The risk is that uncoordinated bilateral negotiations with Washington will splinter ASEAN’s economic integration and undermine existing commitments. The additional purchases of US goods demanded in these deals is not just costly for the buyer but causes spillovers to other trade partners.
Tijaja points to the opportunities from greater coordination, such as through sharing negotiating information and developing common principles for engagement with major economies, and on economic security issues, through institutionalising the ASEAN Geoeconomics Task Force that ASEAN leaders have instigated.
Existing ASEAN-led frameworks, especially the cooperation agenda in the Regional Comprehensive Economic Partnership (RCEP), can be used to strengthen resilience and reduce vulnerability to country-specific external shocks.
The dilemmas confronting Southeast Asia are shared across the wider region and beyond it. The pressure to choose between defending rules and cutting informal side deals with harsh concessions will intensify.
Initiatives in global trade reform, Tijaja argues, ‘could explore ways to improve trade and supply chain resilience in the face of great power rivalry, introduce rules around invoking security-related exemptions, uphold transparency and clarity of rules around subsidies and seek effective redress for unfair trade practices’.
In the short term, a strong step from within the region would be a summit among leaders of RCEP economies to set a clear strategic direction and help forge connections with partners elsewhere with interests in rules-based trade.
Europe, which has made huge concessions to Trump, shares those interests. Reducing Trump’s leverage by liberalising trade with other partners is a practical way forward and discourages further economic coercion. Coalitions must be built, not against the United States but in defence of the region’s multilateral interests.
The mega-regional agreements, RCEP and the Comprehensive and Progressive Agreement for Trans-Pacific Partnership (CPTPP), can work in tandem — not through merging, which would present impracticalities that outweigh the gains, but by highlighting areas of convergence where progress can be made.
High-level agreement and political will are critical. Summits may not solve problems immediately, but they signal shared interests and galvanise joint action.
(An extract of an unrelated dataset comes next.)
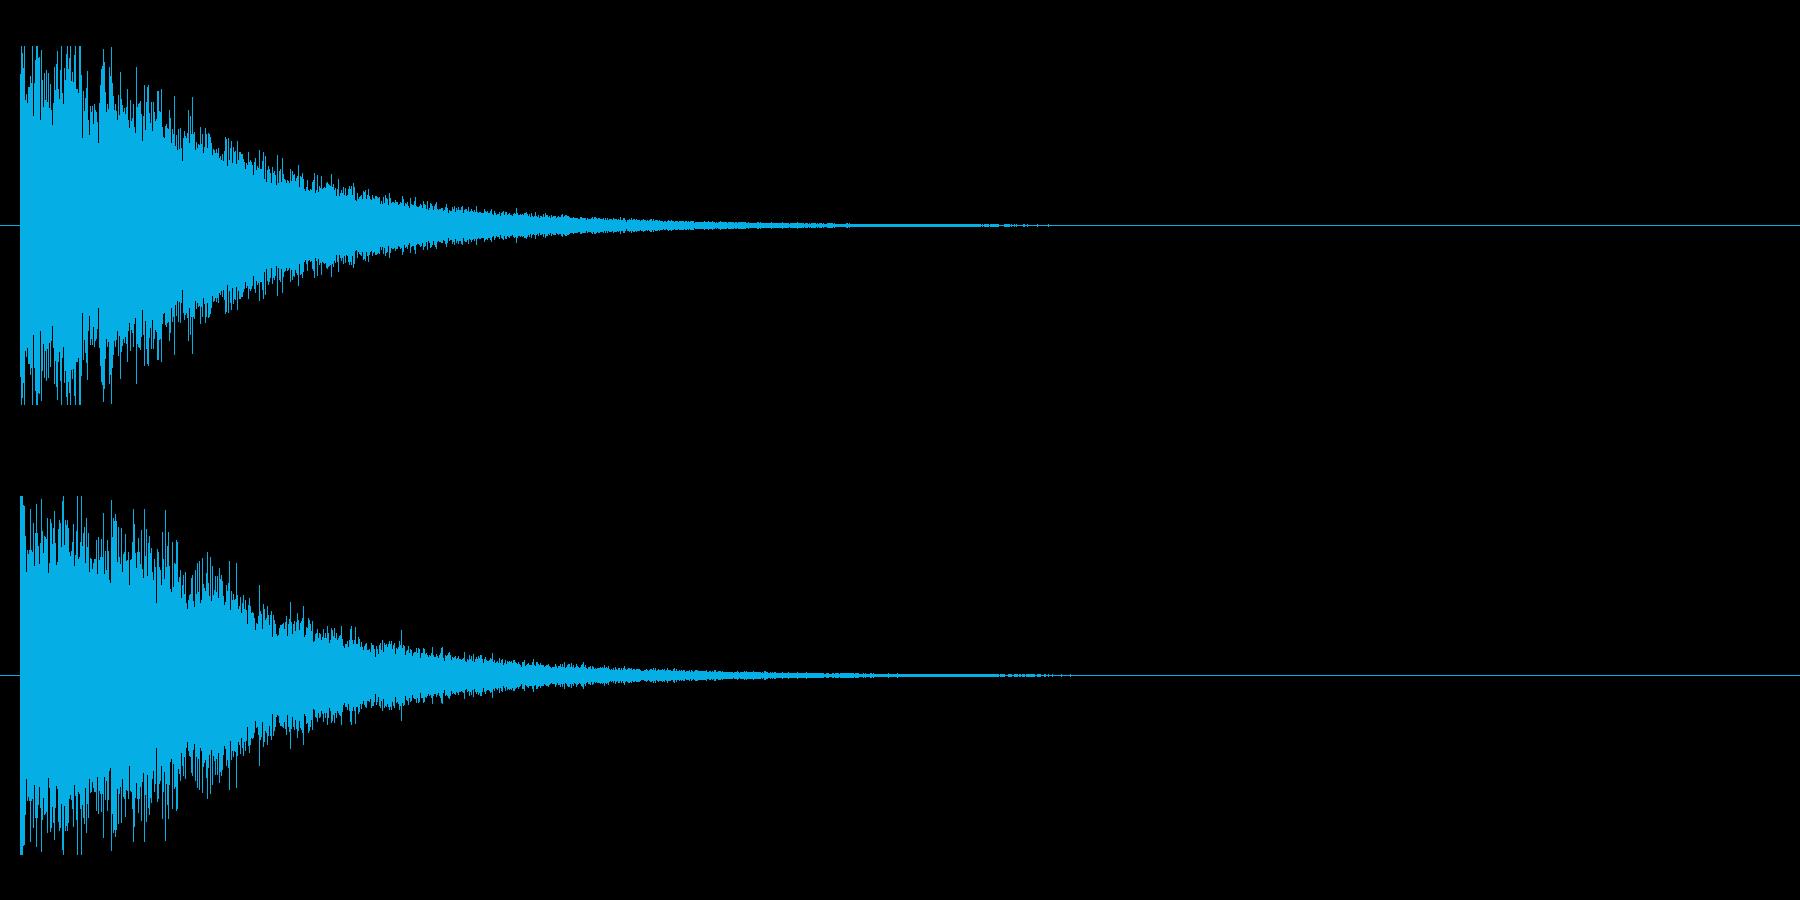 レーザー音-147-2の再生済みの波形

A leaders’ summit among RCEP economies can set directions and cooperation priorities, while the CPTPP’s tested rulebook and UK membership provide a ready template and an external bridge.
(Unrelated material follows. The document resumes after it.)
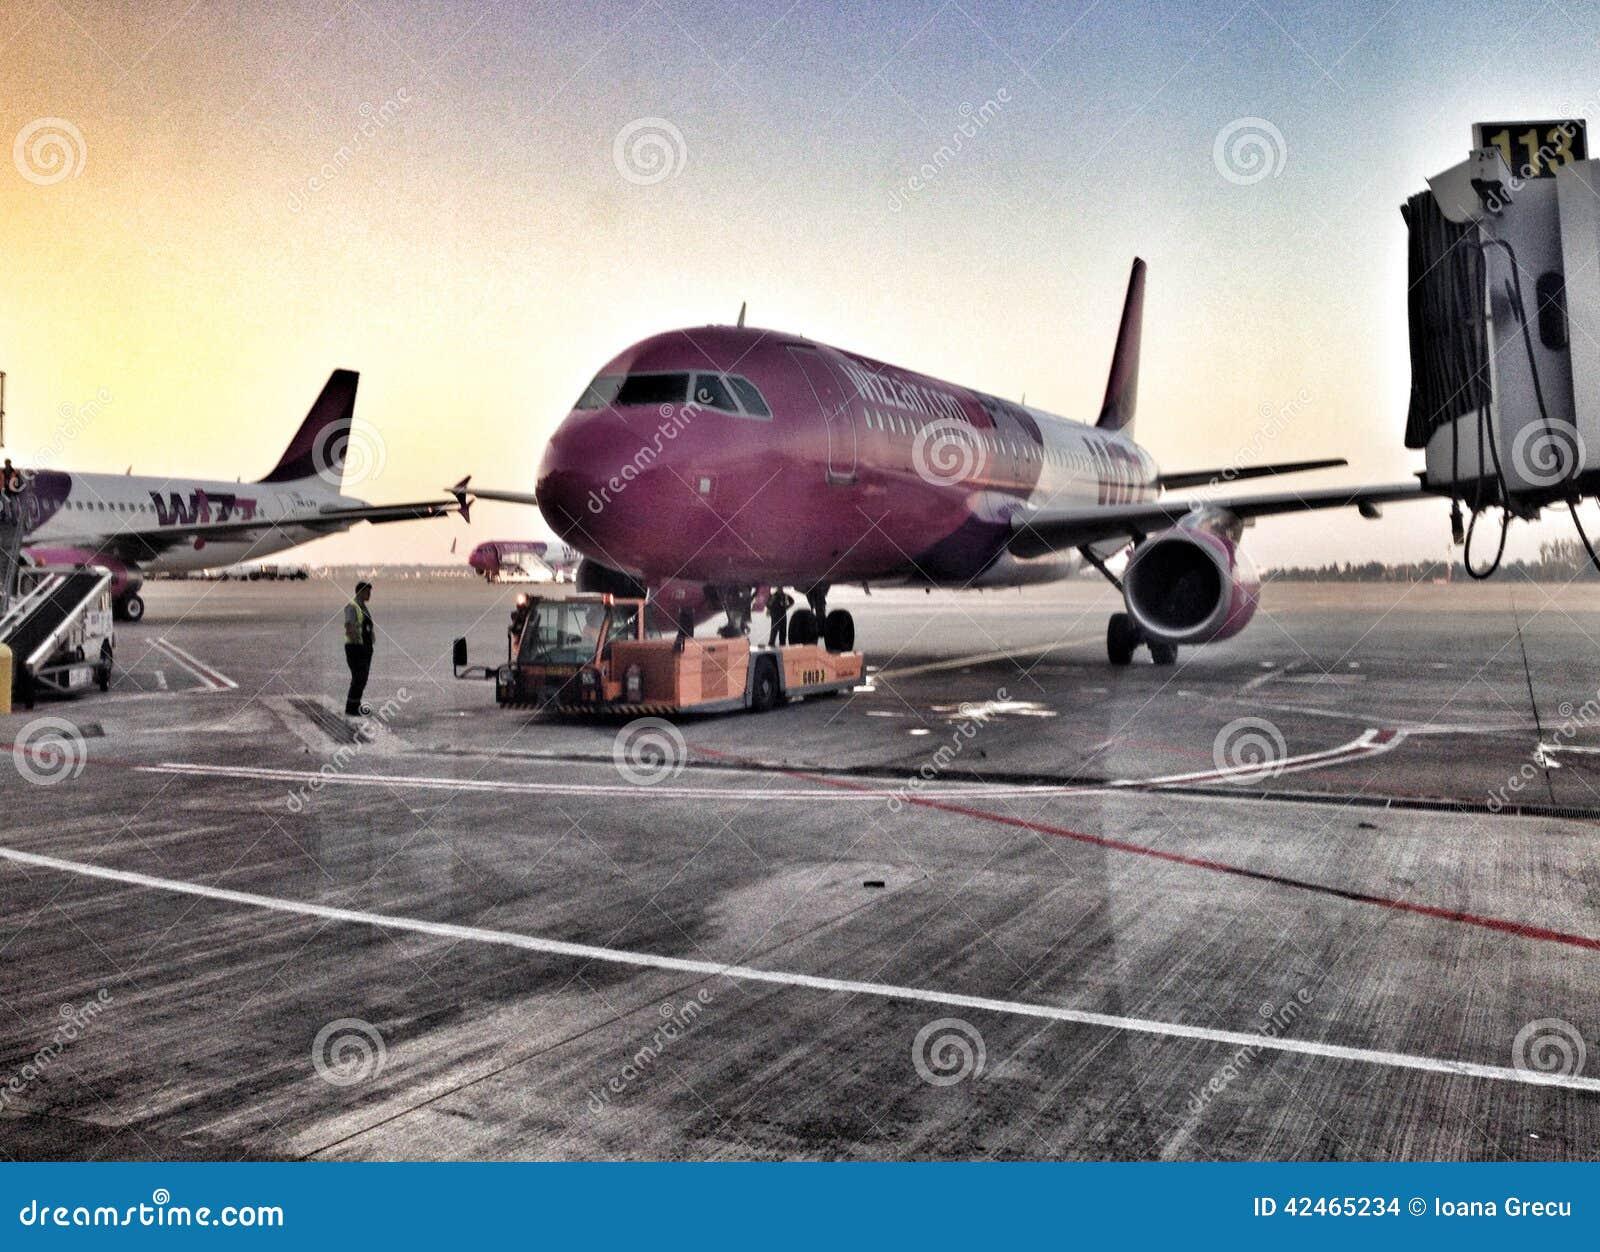 Wizz Air planieren am Einstiegtor

With high tariffs and great-power unpredictability here to stay for some time, the region’s best defence against a more zero-sum world is to double down on cooperation, rules and integration.
If Asia can keep its markets open and coordinate in defence of the rules-based order, it will not only be better placed to navigate the present turbulence, but also to usher in a new, revitalised trading system in the future.
The EAF Editorial Board is located in the Crawford School of Public Policy, College of Law, Policy and Governance, The Australian National University.